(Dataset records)
-----

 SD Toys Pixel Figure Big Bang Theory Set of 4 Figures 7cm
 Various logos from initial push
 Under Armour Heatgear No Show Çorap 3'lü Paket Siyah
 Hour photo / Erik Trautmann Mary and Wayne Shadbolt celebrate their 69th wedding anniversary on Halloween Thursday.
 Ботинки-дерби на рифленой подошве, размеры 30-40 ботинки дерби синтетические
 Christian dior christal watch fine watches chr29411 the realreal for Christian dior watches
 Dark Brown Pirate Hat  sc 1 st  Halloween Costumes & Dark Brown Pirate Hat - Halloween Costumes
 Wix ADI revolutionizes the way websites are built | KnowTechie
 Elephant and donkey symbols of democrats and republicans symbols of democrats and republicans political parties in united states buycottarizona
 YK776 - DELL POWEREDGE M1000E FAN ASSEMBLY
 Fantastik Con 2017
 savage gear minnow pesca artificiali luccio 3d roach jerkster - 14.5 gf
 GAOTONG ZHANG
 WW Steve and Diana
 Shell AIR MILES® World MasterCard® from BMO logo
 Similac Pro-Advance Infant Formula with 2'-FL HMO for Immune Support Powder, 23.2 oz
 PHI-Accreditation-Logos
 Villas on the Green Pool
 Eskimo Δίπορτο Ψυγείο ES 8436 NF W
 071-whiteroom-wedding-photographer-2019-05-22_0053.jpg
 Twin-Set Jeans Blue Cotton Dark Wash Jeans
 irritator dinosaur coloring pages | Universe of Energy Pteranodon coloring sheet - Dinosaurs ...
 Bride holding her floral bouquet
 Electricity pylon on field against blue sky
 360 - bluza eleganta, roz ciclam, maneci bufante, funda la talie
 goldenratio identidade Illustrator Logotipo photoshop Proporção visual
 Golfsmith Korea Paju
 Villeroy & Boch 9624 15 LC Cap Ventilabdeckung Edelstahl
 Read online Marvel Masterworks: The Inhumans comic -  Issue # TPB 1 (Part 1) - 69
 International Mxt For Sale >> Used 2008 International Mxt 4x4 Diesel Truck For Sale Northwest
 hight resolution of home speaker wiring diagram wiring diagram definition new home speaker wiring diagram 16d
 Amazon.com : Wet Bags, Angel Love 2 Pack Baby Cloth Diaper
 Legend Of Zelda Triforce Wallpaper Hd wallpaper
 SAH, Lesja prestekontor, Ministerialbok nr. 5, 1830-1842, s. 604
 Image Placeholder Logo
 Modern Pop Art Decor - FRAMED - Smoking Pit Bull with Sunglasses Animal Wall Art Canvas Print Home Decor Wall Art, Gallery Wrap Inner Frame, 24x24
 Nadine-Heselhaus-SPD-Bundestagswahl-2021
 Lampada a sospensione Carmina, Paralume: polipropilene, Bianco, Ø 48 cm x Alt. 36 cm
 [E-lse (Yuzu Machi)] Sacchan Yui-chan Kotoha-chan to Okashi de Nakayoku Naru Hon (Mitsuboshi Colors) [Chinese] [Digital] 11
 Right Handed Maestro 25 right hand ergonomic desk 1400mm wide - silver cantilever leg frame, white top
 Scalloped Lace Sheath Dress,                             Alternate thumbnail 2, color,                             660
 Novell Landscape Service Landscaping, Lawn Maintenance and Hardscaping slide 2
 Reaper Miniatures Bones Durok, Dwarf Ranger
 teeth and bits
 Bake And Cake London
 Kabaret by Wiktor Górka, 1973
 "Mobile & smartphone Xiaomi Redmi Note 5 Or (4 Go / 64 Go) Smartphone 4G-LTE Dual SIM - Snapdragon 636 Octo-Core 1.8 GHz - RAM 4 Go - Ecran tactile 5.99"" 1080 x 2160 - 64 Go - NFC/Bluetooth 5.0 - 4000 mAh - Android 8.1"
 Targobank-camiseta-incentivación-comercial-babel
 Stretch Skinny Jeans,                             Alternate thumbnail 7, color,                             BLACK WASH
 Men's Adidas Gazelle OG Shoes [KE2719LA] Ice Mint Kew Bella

-----

- WORK REQUIRED
Copy the data above. Keep each line exact.

- OUTPUT OF THE EXERCISE
 SD Toys Pixel Figure Big Bang Theory Set of 4 Figures 7cm
 Various logos from initial push
 Under Armour Heatgear No Show Çorap 3'lü Paket Siyah
 Hour photo / Erik Trautmann Mary and Wayne Shadbolt celebrate their 69th wedding anniversary on Halloween Thursday.
 Ботинки-дерби на рифленой подошве, размеры 30-40 ботинки дерби синтетические
 Christian dior christal watch fine watches chr29411 the realreal for Christian dior watches
 Dark Brown Pirate Hat  sc 1 st  Halloween Costumes & Dark Brown Pirate Hat - Halloween Costumes
 Wix ADI revolutionizes the way websites are built | KnowTechie
 Elephant and donkey symbols of democrats and republicans symbols of democrats and republicans political parties in united states buycottarizona
 YK776 - DELL POWEREDGE M1000E FAN ASSEMBLY
 Fantastik Con 2017
 savage gear minnow pesca artificiali luccio 3d roach jerkster - 14.5 gf
 GAOTONG ZHANG
 WW Steve and Diana
 Shell AIR MILES® World MasterCard® from BMO logo
 Similac Pro-Advance Infant Formula with 2'-FL HMO for Immune Support Powder, 23.2 oz
 PHI-Accreditation-Logos
 Villas on the Green Pool
 Eskimo Δίπορτο Ψυγείο ES 8436 NF W
 071-whiteroom-wedding-photographer-2019-05-22_0053.jpg
 Twin-Set Jeans Blue Cotton Dark Wash Jeans
 irritator dinosaur coloring pages | Universe of Energy Pteranodon coloring sheet - Dinosaurs ...
 Bride holding her floral bouquet
 Electricity pylon on field against blue sky
 360 - bluza eleganta, roz ciclam, maneci bufante, funda la talie
 goldenratio identidade Illustrator Logotipo photoshop Proporção visual
 Golfsmith Korea Paju
 Villeroy & Boch 9624 15 LC Cap Ventilabdeckung Edelstahl
 Read online Marvel Masterworks: The Inhumans comic -  Issue # TPB 1 (Part 1) - 69
 International Mxt For Sale >> Used 2008 International Mxt 4x4 Diesel Truck For Sale Northwest
 hight resolution of home speaker wiring diagram wiring diagram definition new home speaker wiring diagram 16d
 Amazon.com : Wet Bags, Angel Love 2 Pack Baby Cloth Diaper
 Legend Of Zelda Triforce Wallpaper Hd wallpaper
 SAH, Lesja prestekontor, Ministerialbok nr. 5, 1830-1842, s. 604
 Image Placeholder Logo
 Modern Pop Art Decor - FRAMED - Smoking Pit Bull with Sunglasses Animal Wall Art Canvas Print Home Decor Wall Art, Gallery Wrap Inner Frame, 24x24
 Nadine-Heselhaus-SPD-Bundestagswahl-2021
 Lampada a sospensione Carmina, Paralume: polipropilene, Bianco, Ø 48 cm x Alt. 36 cm
 [E-lse (Yuzu Machi)] Sacchan Yui-chan Kotoha-chan to Okashi de Nakayoku Naru Hon (Mitsuboshi Colors) [Chinese] [Digital] 11
 Right Handed Maestro 25 right hand ergonomic desk 1400mm wide - silver cantilever leg frame, white top
 Scalloped Lace Sheath Dress,                             Alternate thumbnail 2, color,                             660
 Novell Landscape Service Landscaping, Lawn Maintenance and Hardscaping slide 2
 Reaper Miniatures Bones Durok, Dwarf Ranger
 teeth and bits
 Bake And Cake London
 Kabaret by Wiktor Górka, 1973
 "Mobile & smartphone Xiaomi Redmi Note 5 Or (4 Go / 64 Go) Smartphone 4G-LTE Dual SIM - Snapdragon 636 Octo-Core 1.8 GHz - RAM 4 Go - Ecran tactile 5.99"" 1080 x 2160 - 64 Go - NFC/Bluetooth 5.0 - 4000 mAh - Android 8.1"
 Targobank-camiseta-incentivación-comercial-babel
 Stretch Skinny Jeans,                             Alternate thumbnail 7, color,                             BLACK WASH
 Men's Adidas Gazelle OG Shoes [KE2719LA] Ice Mint Kew Bella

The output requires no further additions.